The authorities quickly tracked down Irene’s father.  On Dec. 31, investigators arrived at a house in Bellaire, Ohio where he was staying. Young Donnie appeared and offered up information that astonished the police.

“Mommy shot a cop just like you,” Donnie said. “Uncle Tom shot another one in the head. He shot right through the windshield.”

“Jeepers, what a goof,” said a boy in Tom’s store when the story about Donnie’s remarks was read aloud. “How stupid can you get?”

“You are the goof,” answered a girl. “Donnie is only 4 years old! I bet you weren’t so smart when you were his age. You aren’t too smart now.”

Glen and Irene split up from her brother Tom, had close calls with police in St. Louis and Dallas, and picked up an ex-con hitchhiker named Ackerman before finding themselves in Pinal County, Ariz., where they kidnapped a deputy sheriff and engaged in another gun battle that wounded two officers. They managed to speed away into the night. Their captive managed to escape. Forced to abandon their car, the trio set off on foot into the foothills of the Estrella Mountains. A posse of 75 local lawmen with air support from an Arizona-based flier tracked them down, and yet another gun battle ensued during which a deputy sheriff was critically wounded. Out of ammo and facing hopeless odds, Glen and Irene surrendered and were extradited to Pennsylvania. Arizona regretted the extradition because on Jan. 29, 1930, the wounded deputy died of his injuries.
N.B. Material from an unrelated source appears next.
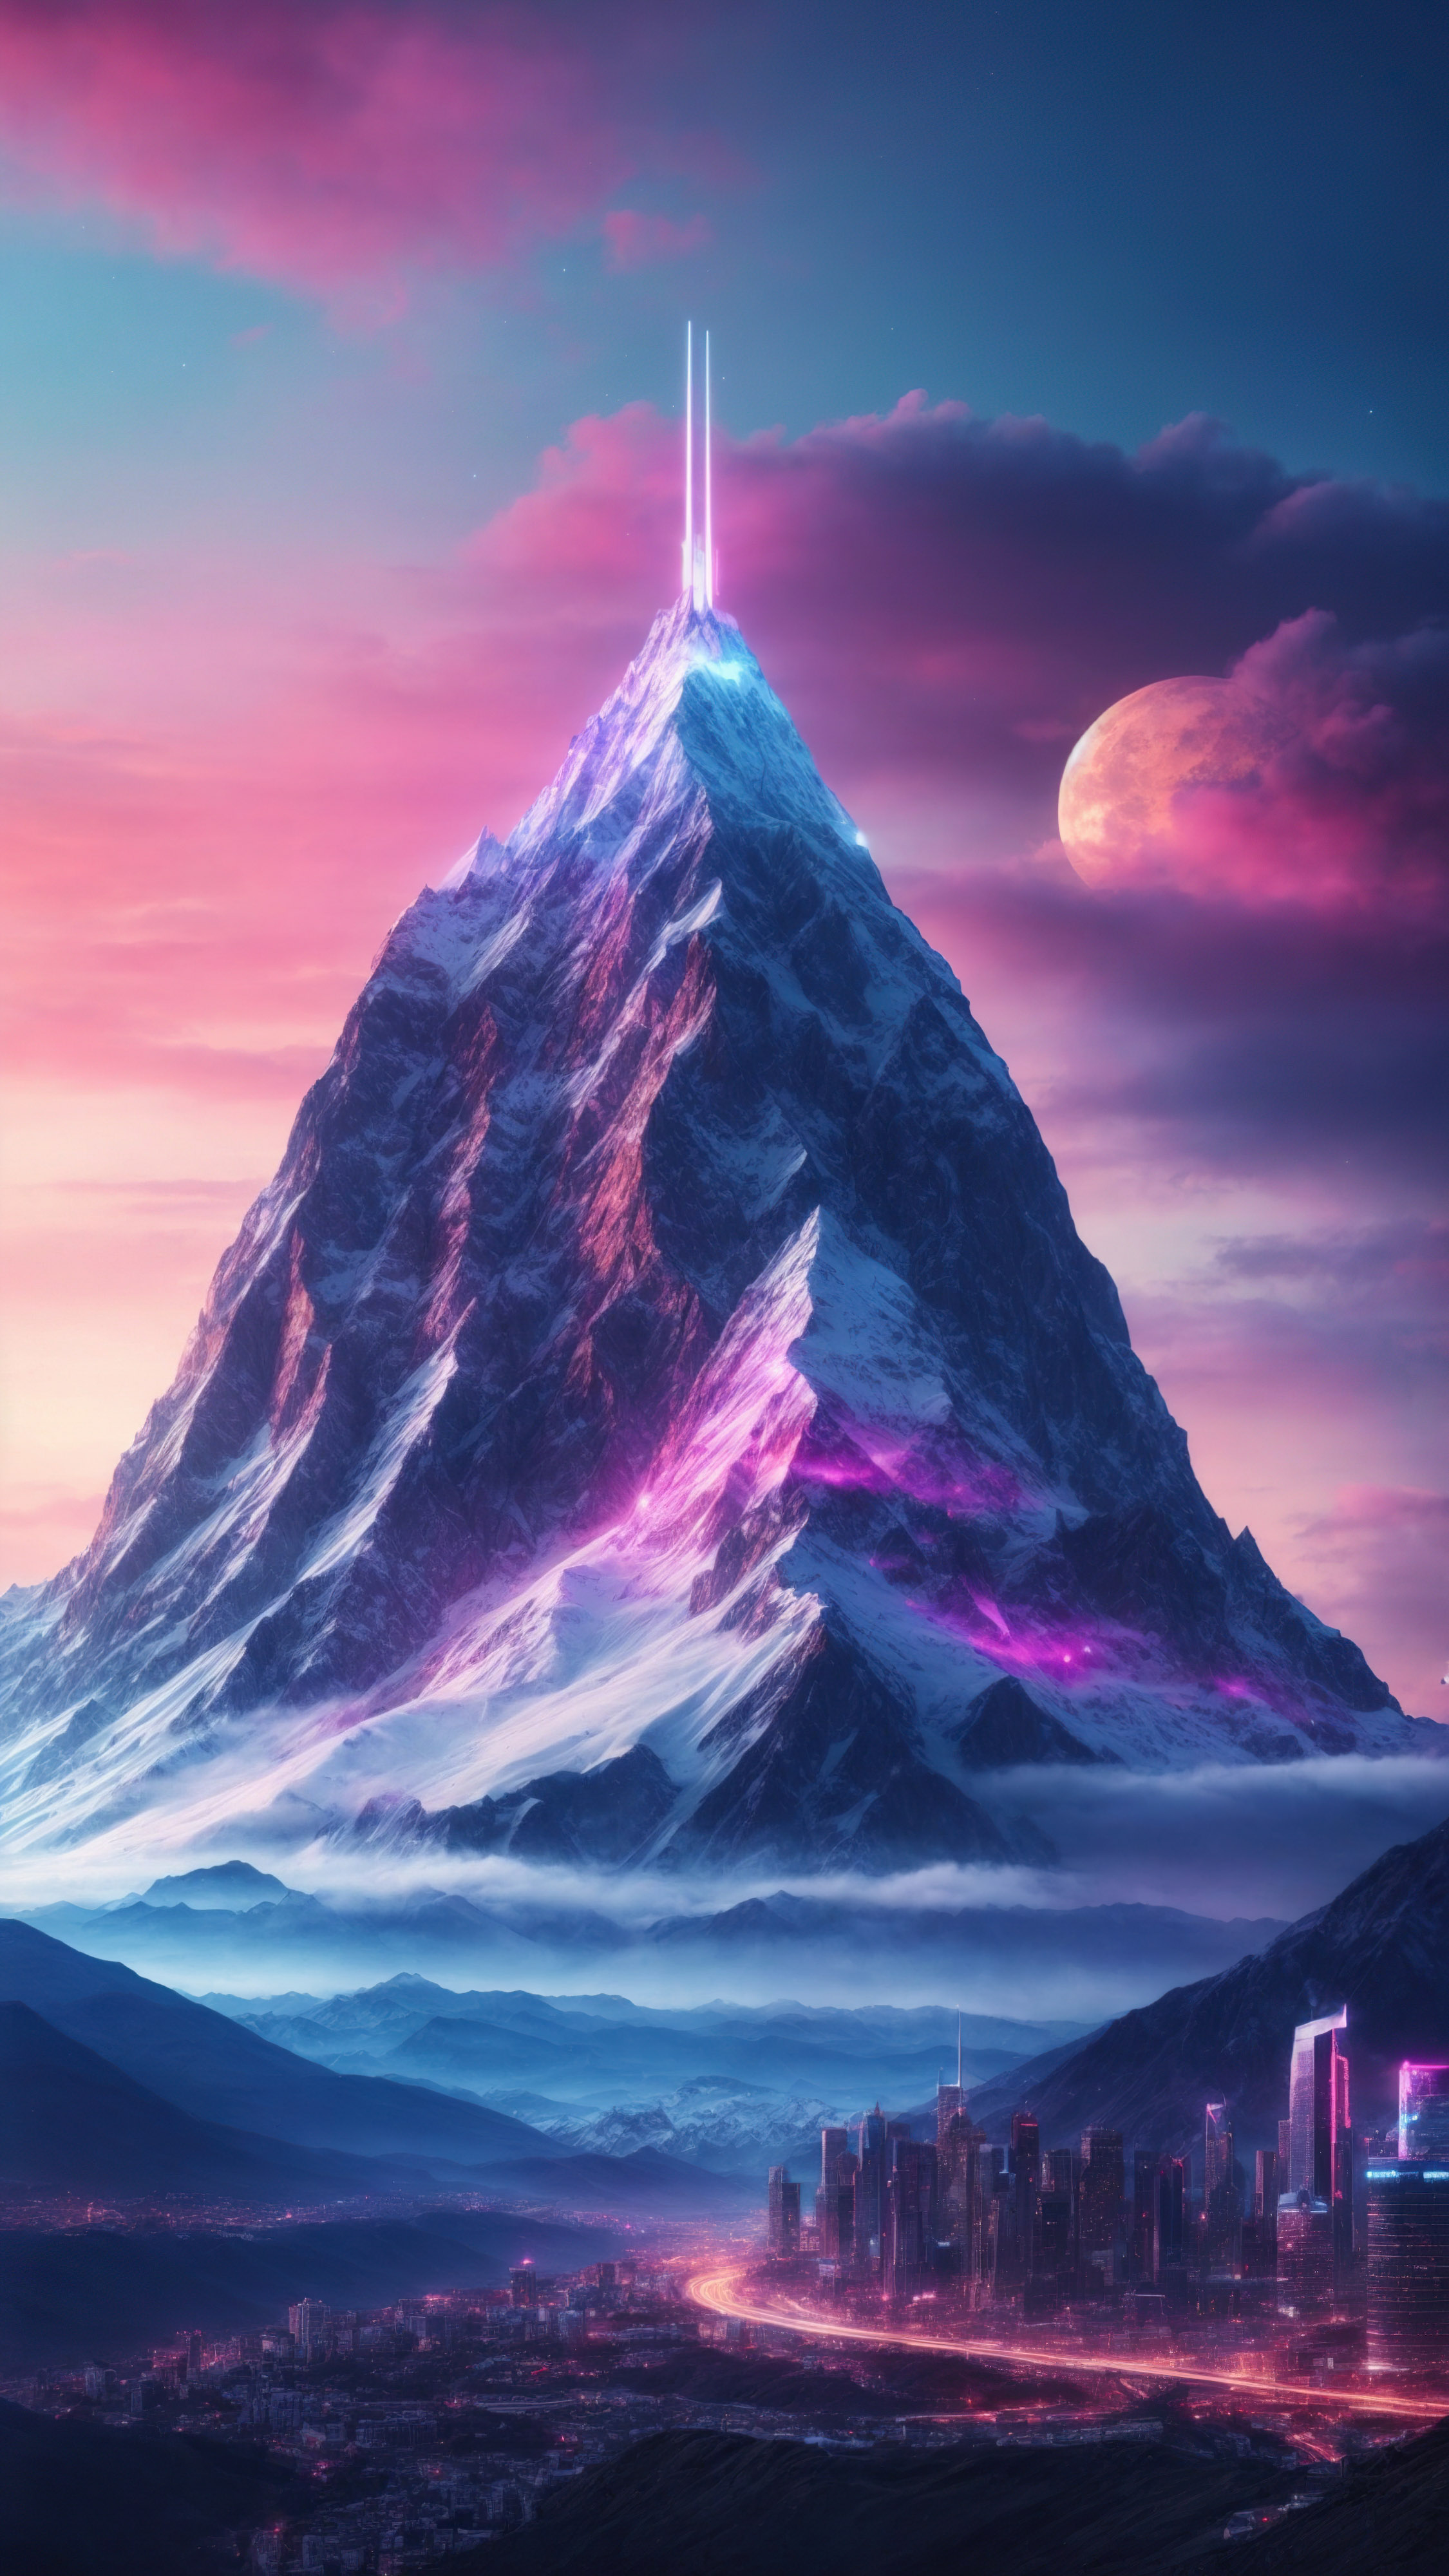 Entrez dans le futur avec notre fond d'écran de montagne violet pour iPhone, présentant une montagne futuriste avec une ville et un vaisseau spatial, sous un ciel néon et une étoile.

Now the media were on fire and identified Irene as the leader of the gang. They called her “Blonde Trigger,” “Iron Irene,” and “Gun Girl.” One of the reporters filing dispatches from the trial was a young New York City reporter named Edward V. Sullivan, who would 18 years later begin hosting a long-running variety show on television that became known as the Ed Sullivan Show.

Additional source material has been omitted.